On the other hand Qt provides many utilities for C++ beyond the UI and has
bindings for Ruby. It's cross platform between OS X, Linux and Windows. Qt and
C++ would be the route I'd take were I to build a cross platform application I
am skilled enough with valgrind and honestly don't find lack of a GC to be a
major problem for me (especially for desktop programming, which doesn't
frequently involve complex parallel algorithms that are difficult to implement
with manual memory management). Qt's provides a great deal of what one expects
from a high-level platform like the JVM: concurrency libraries beyond
primitives, simplifications for building event/callback driven applications,
additional collections and even an IoC container.

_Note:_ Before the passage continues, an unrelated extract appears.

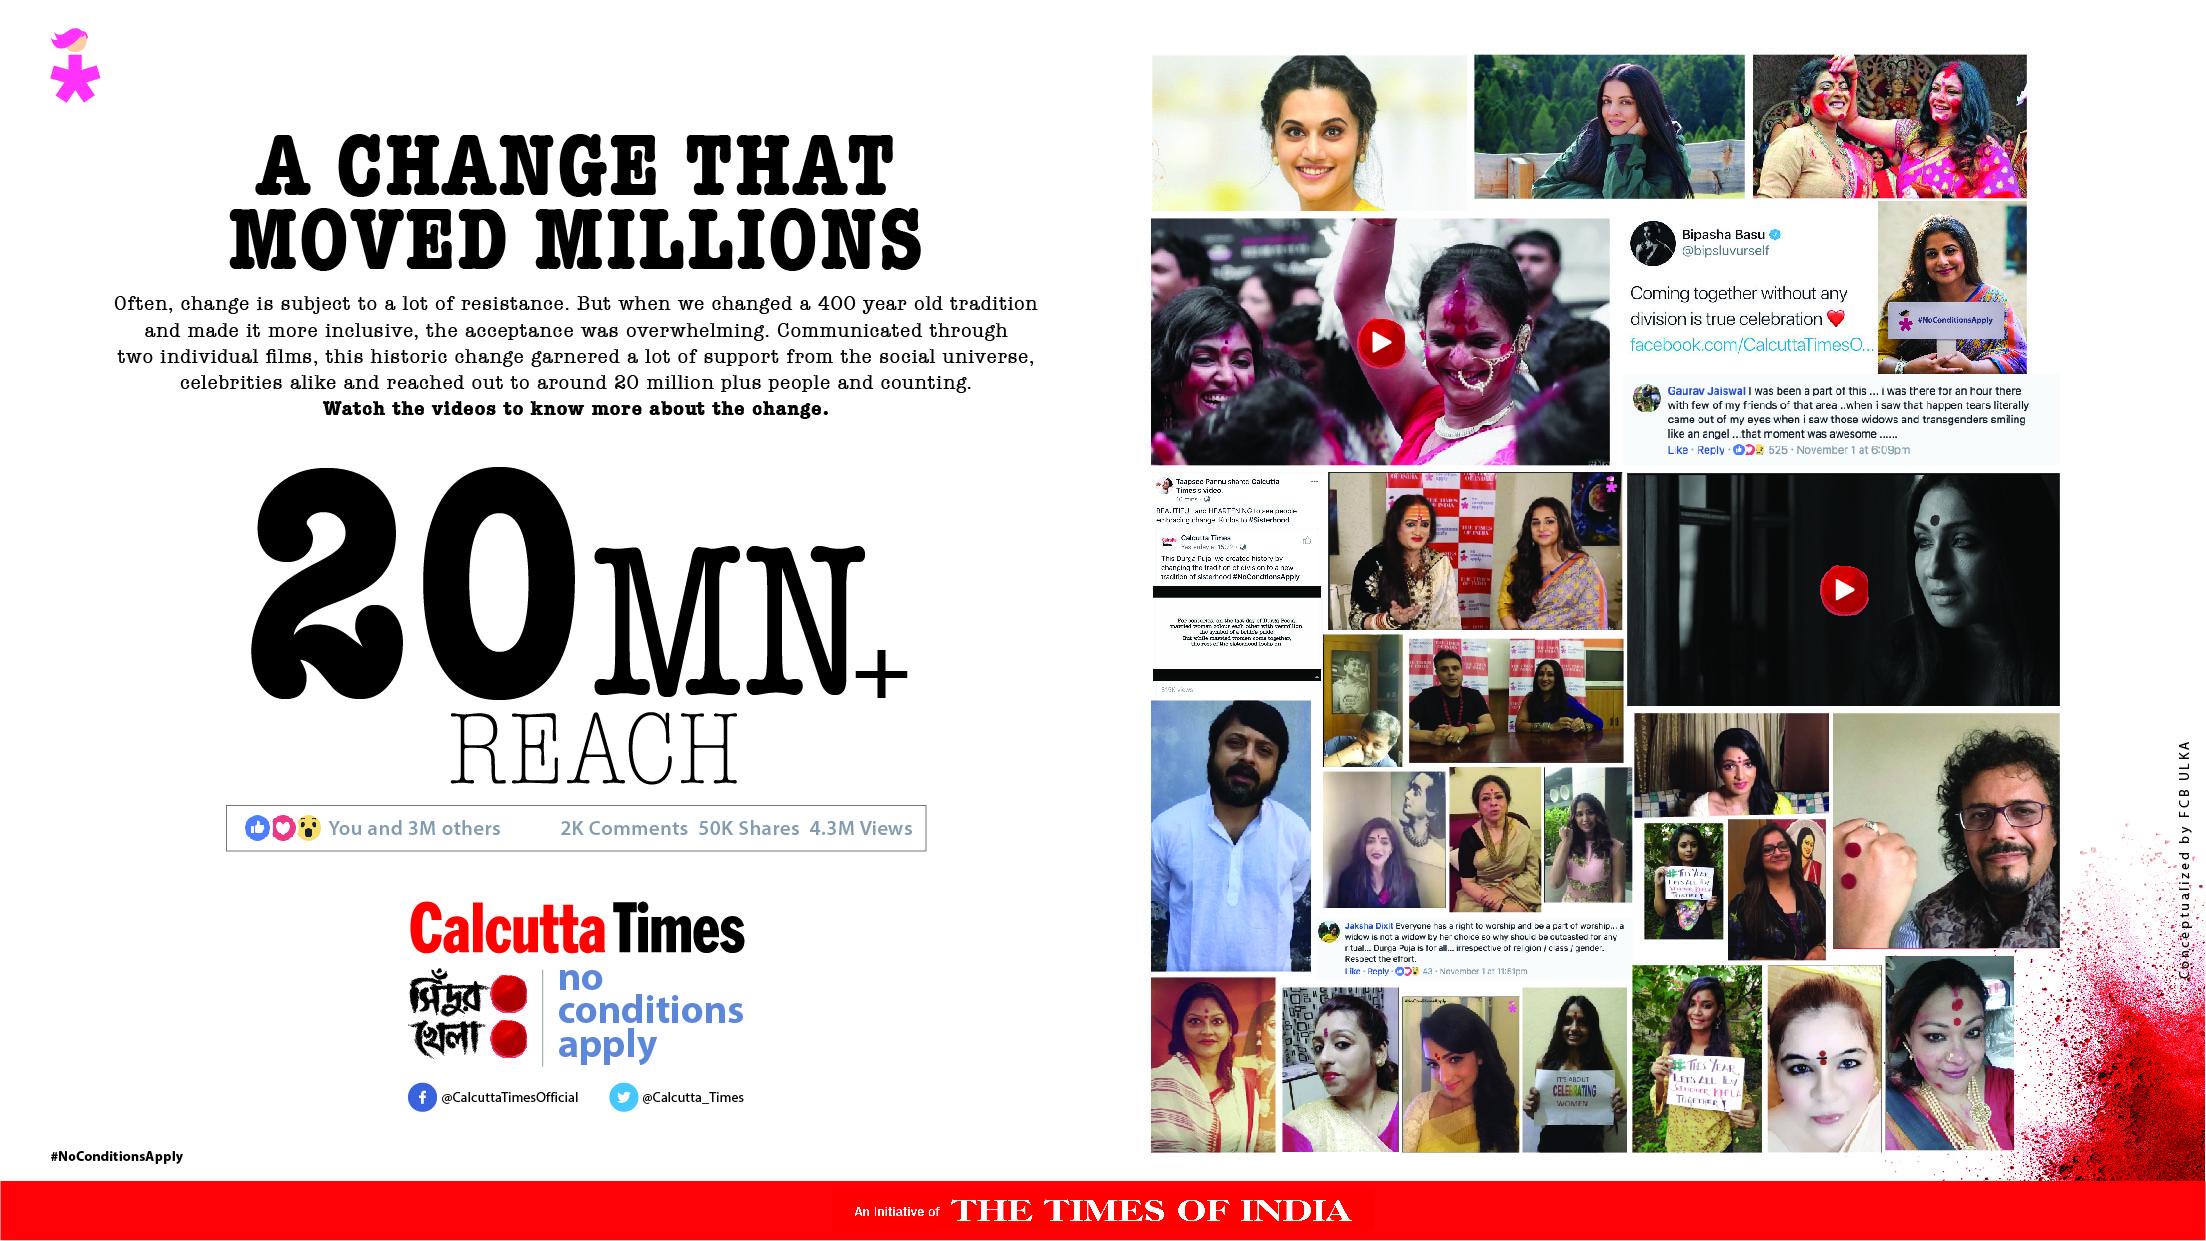 #NoConditionsApply - Shindoor khela - TOI

If I didn't mind tying myself to Microsoft's standards, I'd also take a
serious look at Mono: while Mono's GC is primitive compared to HotSpot when it
comes to server side applications, I've yet to hear of people having to tune
it in order to run Mono-based desktop apps such as (excellent) F-Spot; garbage
collection is a long-ago solved problem, I find it hard to believe that client
VMs couldn't come with sane defaults out of the box. In this way it reminds me
of Linux in mid-90s/early 00s (before distributions like Ubuntu and extensive
driver support): lot of work going into scaling to thousands of processors and
new architectures, while getting support for desktop sound and video cards
required recompiling a kernel.

Finally, the author really strikes a point with lack of a POSIX API built in
to the JVM. What's even more striking is that this can't even be explained by
"focus on enterprise server market" theme. Server-side, Linux is almost a
mono-culture with occasional use of Solaris or OS X (the latter frequently as
development environment). The few non-POSIX platforms (Windows, mainframes)
aren't really a large part of the Java market and have POSIX compatibility
layers available for them (bonus point: why not support both, like Perl does
-- having builtins for most system calls, but also an excellent Win32 module).

POSIX-JNA is available and (from what I hear) is an excellent library, but its
use of GPL makes it incompatible with Apache-licensed projects (ASL 2.0 being
de-facto standard in the Java world). A minimal interface to POSIX, coupled
with a "systemcall()" method (allowing easy use of Linux-specific extensions)
_should_ be the standard part of the JDK: Python and Perl offer this without
sacrificing portability and safety, why can't Java?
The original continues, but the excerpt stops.